REPORT FROM THE COMMISSION TO THE EUROPEAN PARLIAMENT AND THE COUNCIL

on the common provisioning fund in 2024

{SWD(2025) 100 final}


Table of Contents

INTRODUCTION

Part 1: Key milestones in 2024

1.1. General overview

1.2. Compartment structure

1.3. Guarantee calls and payment claims

1.4. Effective provisioning rate

Part 2: Investment strategy, portfolio composition and performance

2.1. Composition and characteristics of the portfolio

2.2. Environmental, social and governance (ESG) footprint

2.3. CPF performance in 2024

CONCLUSIONS


INTRODUCTION

This is the fourth annual report on the common provisioning fund (CPF) ( 1 ) covering the period from 1 January 2024 to 31 December 2024. It outlines the key developments related to the functioning of the CPF in 2024, and presents the main financial and risk parameters and the fund’s annual performance. It also presents the results of the Commission's actions to enhance the fund’s longer-term performance by introducing a diversified investment universe.

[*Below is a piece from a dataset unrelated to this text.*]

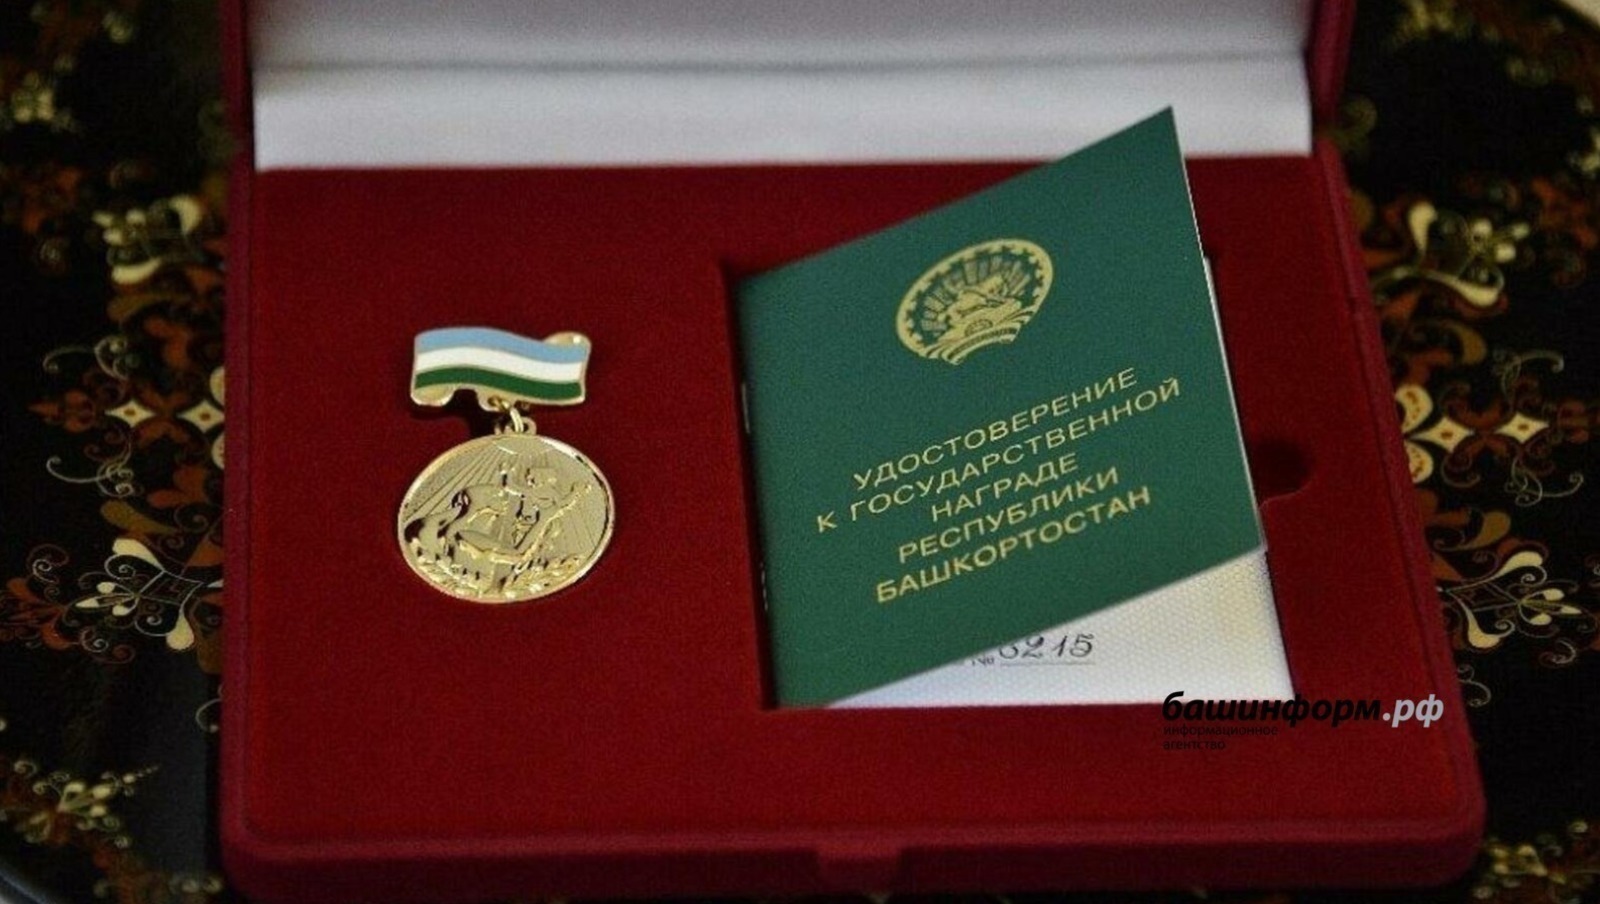 Нумай ачаллă 55 аннене «Анне мухтавĕ» медальпе чыслĕç

The CPF, established under Article 212 of Regulation (EU, Euratom) 2018/1046 of the European Parliament and of the Council of 18 July 2018 on the financial rules applicable to the general budget of the Union, holds all provisions set aside by the EU budget or contributed by participating Member States to cover the risk of losses on operations guaranteed by the internal ( 2 ) and external ( 3 ) guarantees implemented by the European Union. In addition to budgetary guarantees, provisions are held in the CPF in respect of most of the macro-financial assistance (MFA) loans to third counties ( 4 ). The provisions held in the CPF constitute the capital reserve from which funds are drawn to meet guarantee calls on supported operations and other outflows.

The CPF became operational in January 2021. At the end of 2024 its net assets value stood at EUR 23.18 billion, making it the largest investment portfolio directly managed by the Commission.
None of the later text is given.